• _Assigned task_
Pictures in the entries below are excluded; copy only the lines from the one containing "lukke svejsning Foresee" to the one containing "Genuflect by Tracy", both included.

• _Data records_
-------
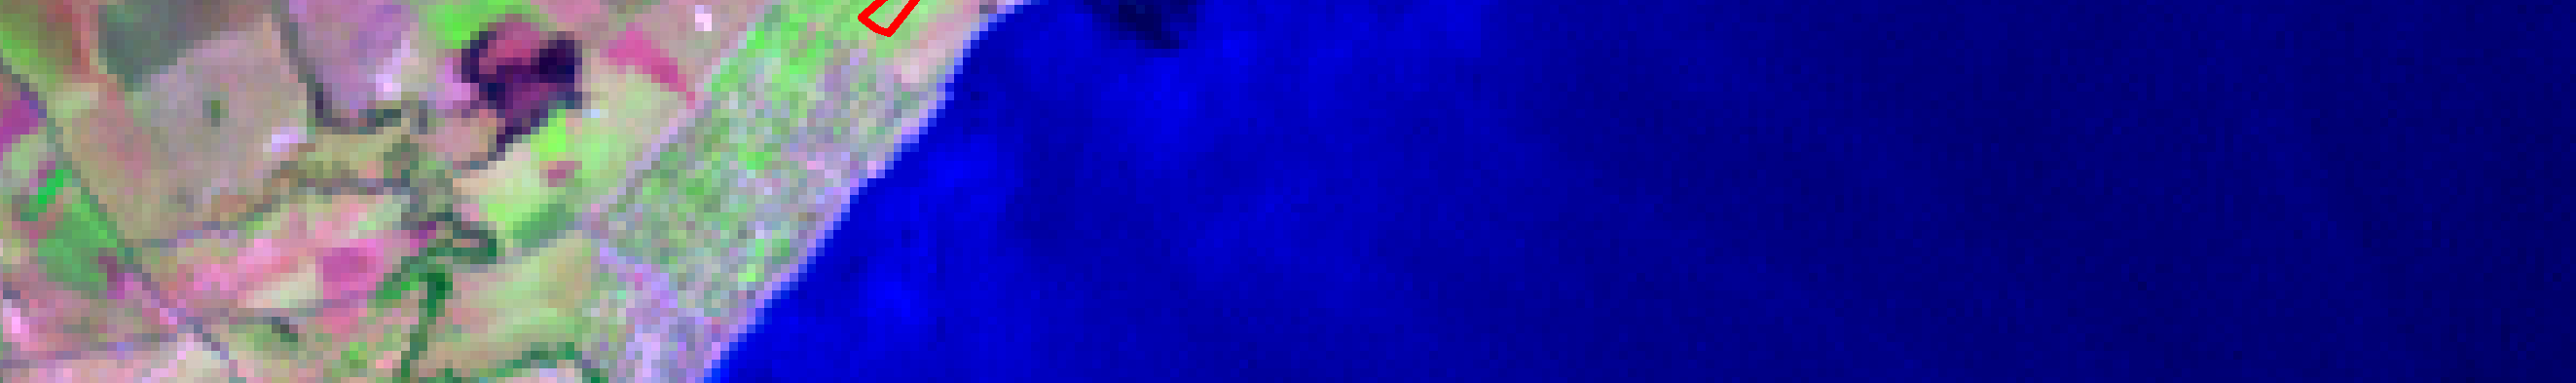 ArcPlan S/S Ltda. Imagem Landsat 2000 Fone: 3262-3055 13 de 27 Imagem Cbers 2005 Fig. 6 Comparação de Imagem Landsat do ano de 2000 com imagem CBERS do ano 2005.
-------
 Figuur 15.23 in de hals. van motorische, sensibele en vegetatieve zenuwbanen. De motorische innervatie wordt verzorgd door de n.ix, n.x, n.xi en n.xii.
-------
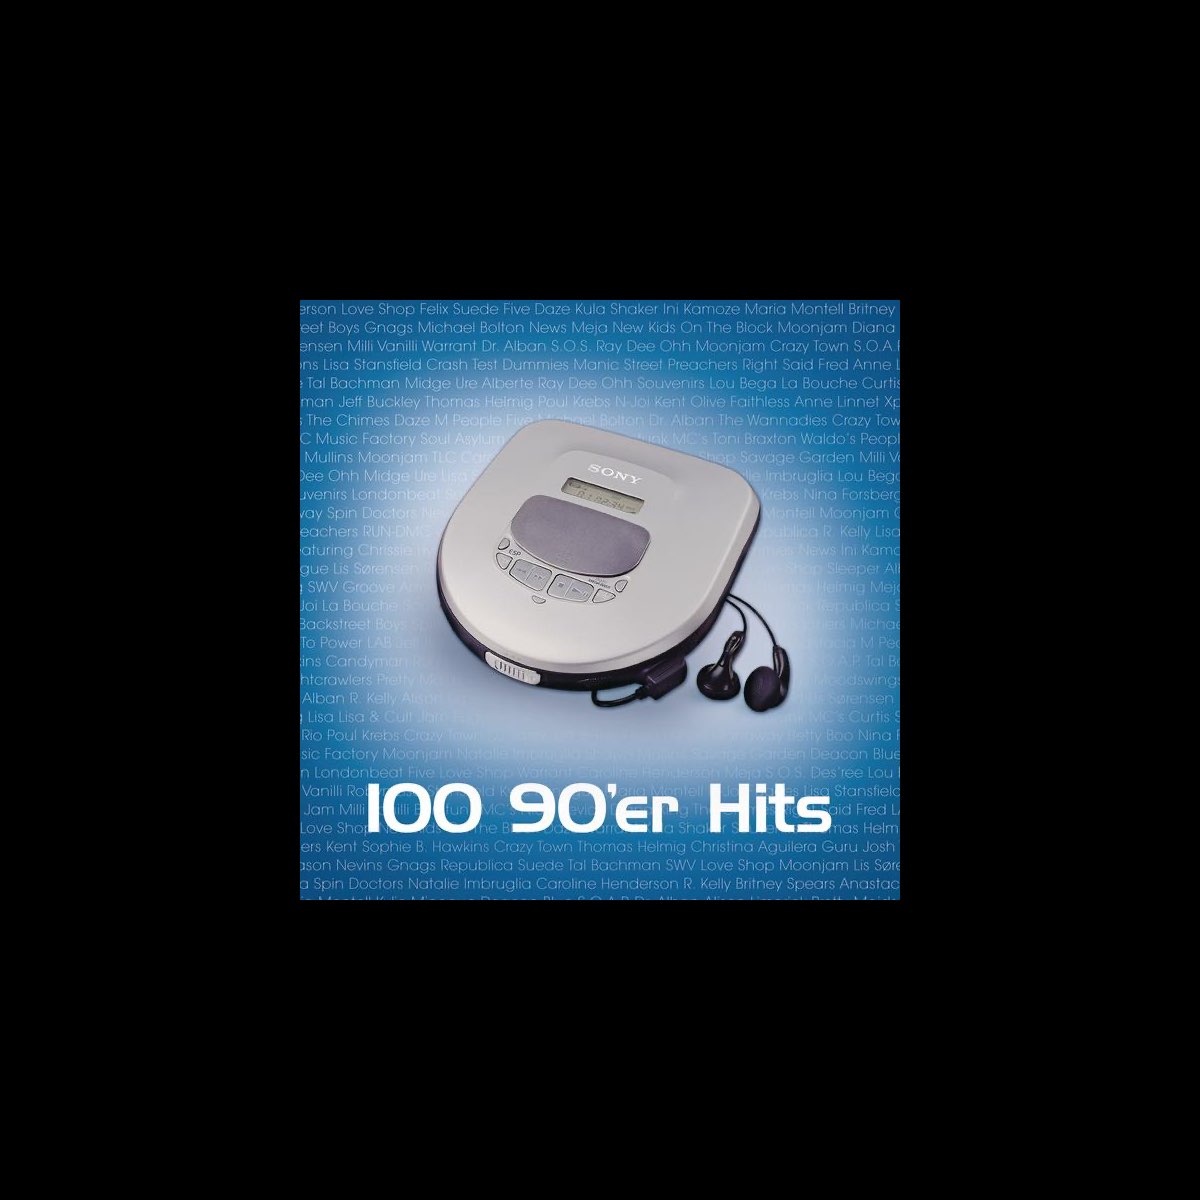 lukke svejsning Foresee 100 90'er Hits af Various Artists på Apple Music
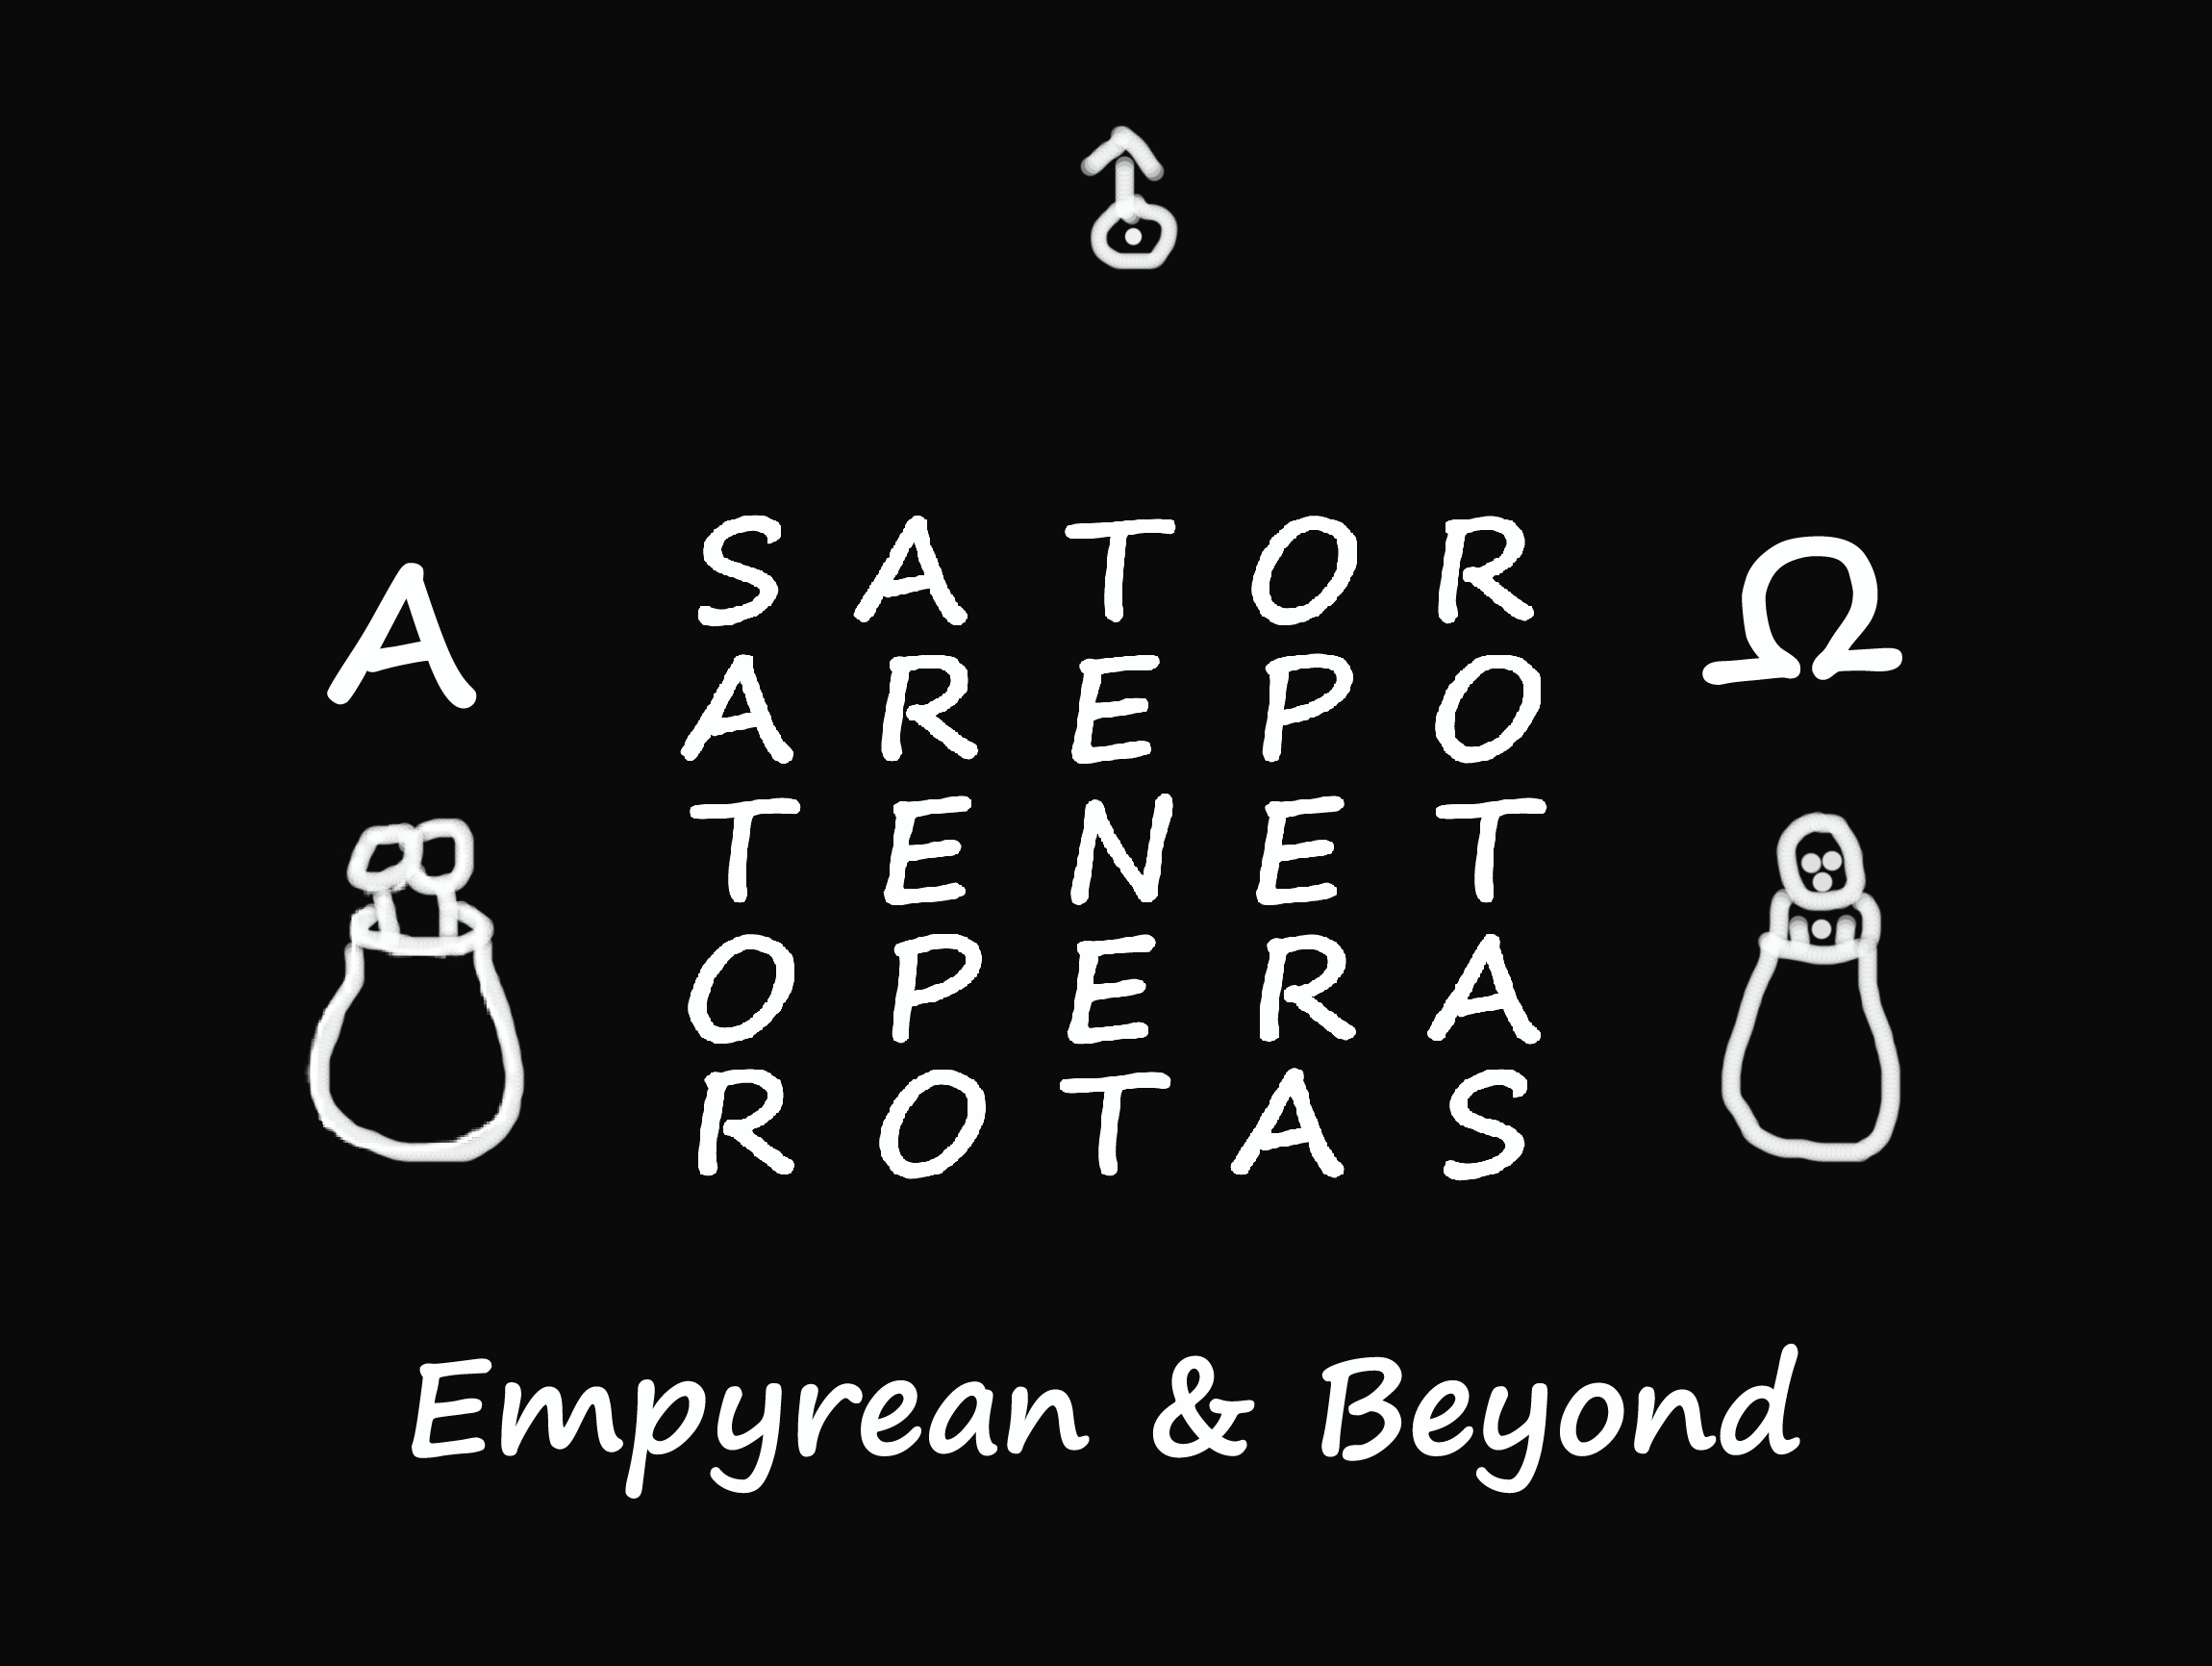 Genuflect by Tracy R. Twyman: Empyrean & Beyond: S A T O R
-------
• _Answer to the exercise_
 lukke svejsning Foresee 100 90'er Hits af Various Artists på Apple Music
 Genuflect by Tracy R. Twyman: Empyrean & Beyond: S A T O R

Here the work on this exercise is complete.